As described in the link above you can use different formats but you can also split your configuration into multiple files and use different formats in each of them.

So as an first example if you have a very large configuration of three major parts you may split it up into 3 different files.

# config/server/http.yml
listen:
  ip: 192.168.0.1
  port: 80
# config/server/ftp.yml
listen:
  ip: 192.168.0.1
  port: 21
# config/server/mail.yml
pop:
  port: 110
imap:
  port: 143

And if the program now reads config/** you will get the combined structure:

server:
  http:
    listen:
      ip: 192.168.0.1
      port: 80
  ftp:
    listen:
      ip: 192.168.0.1
      port: 21
  mail:
    pop:
      port: 110
    imap:
      port: 143

This is because the config system will use the names behind the asterisk as structure levels automatically but you may control the combination rules using filter and path in the origin setup (see below).

Usage

To use the configuration management you have to load the module first:

config = require 'alinex-config'

This gives you back the main configuration instance. But before you can access your configuration you have to setup the system if not already done and initialize it:

# register common configuration paths for application
config.register 'myapp', __dirname
# add a special path on the end (highest priority)
config.pushOrigin
  uri: 'file:///etc/my-config.yml'
# and add a schema to verify the database settings are correct
config.setSchema 'database',
  type: ....  # schema

# start initializing the configuration and load the data
config.init (err) ->
  return cb err if err
  # all configurations are loaded successfully

Alternatively you may skip your program with a detailed error message:

config.init (err) ->
  if err
    console.error "FAILED: #{err.message}"
    console.error err.description
    process.exit 1

Make sure that the initialization is completely done for all configuration data before using it. If you change the setup later you have to reinit everything which causes an extra afford which you should skip if possible.

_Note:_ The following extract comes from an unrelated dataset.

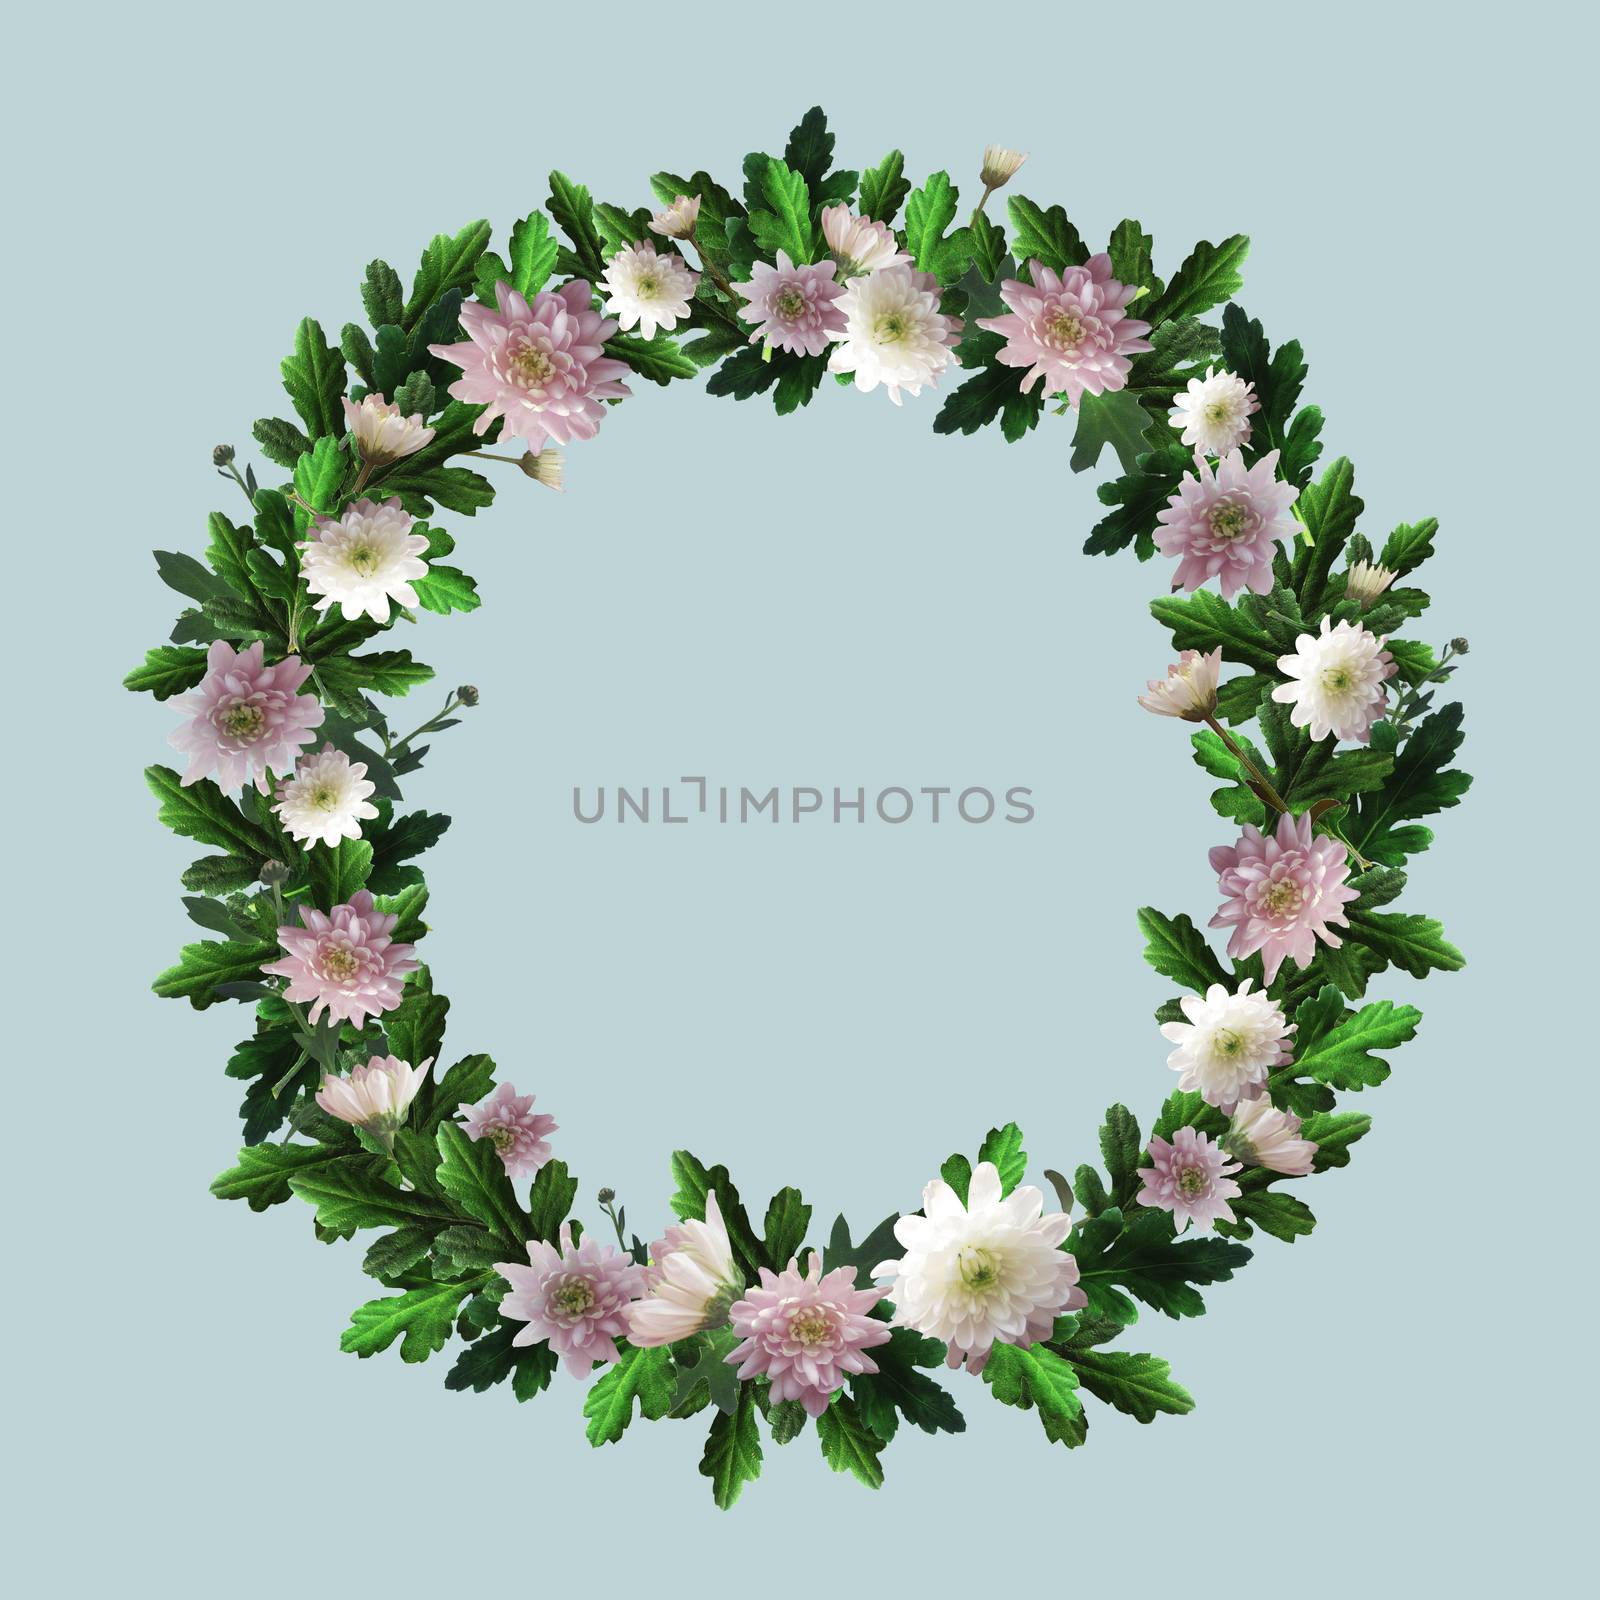 Wreath of flowers with space for text. Round frame with white and pink chrysanthemums, green leaves and twigs. Flowers and plants are arranged in a circle.

After that is done you can easily access the configuration like:

conf = config.data
# here you have the whole registry data
conf = config.get 'server'
# and now you have only the server structure
conf = config.get 'database/master/address'
# or only a specific database connection

To don't mess with the names: I always address the instance with config and use a short name like conf for some data out of it.

On demand you may also reload the configuration completely:

config.reload (err) ->
  if err
    console.error "FAILED: #{err.message}"
    console.error err.description
    process.exit 1

But if you want tp know in your app then some configuration was changed you can use the path as an event which is fired if this element or one below is changed.

config.on '/address', ->
  console.log "New addresses found, reinit the list..."
  myList = config.get '/address'

Debugging

If you have any problems you may debug the code with the predefined flags. It uses the debug module to let you define what to debug.

Call it with the DEBUG environment variable set to

  • 'config' for basic information
  • 'config:value' with structure after loaded
  • 'config:access' with info about data accessed
  • 'config*' for all of them

You can also combine them using comma or use only DEBUG=* to show all debug messages of all modules.

Additional value checking will be done if the debugging for the general config is enabled.

License

(C) Copyright 2014-2016 Alexander Schilling

Licensed under the Apache License, Version 2.0 (the "License"); you may not use this file except in compliance with the License. You may obtain a copy of the License at

http://www.apache.org/licenses/LICENSE-2.0

Unless required by applicable law or agreed to in writing, software distributed under the License is distributed on an "AS IS" BASIS, WITHOUT WARRANTIES OR CONDITIONS OF ANY KIND, either express or implied. See the License for the specific language governing permissions and limitations under the License.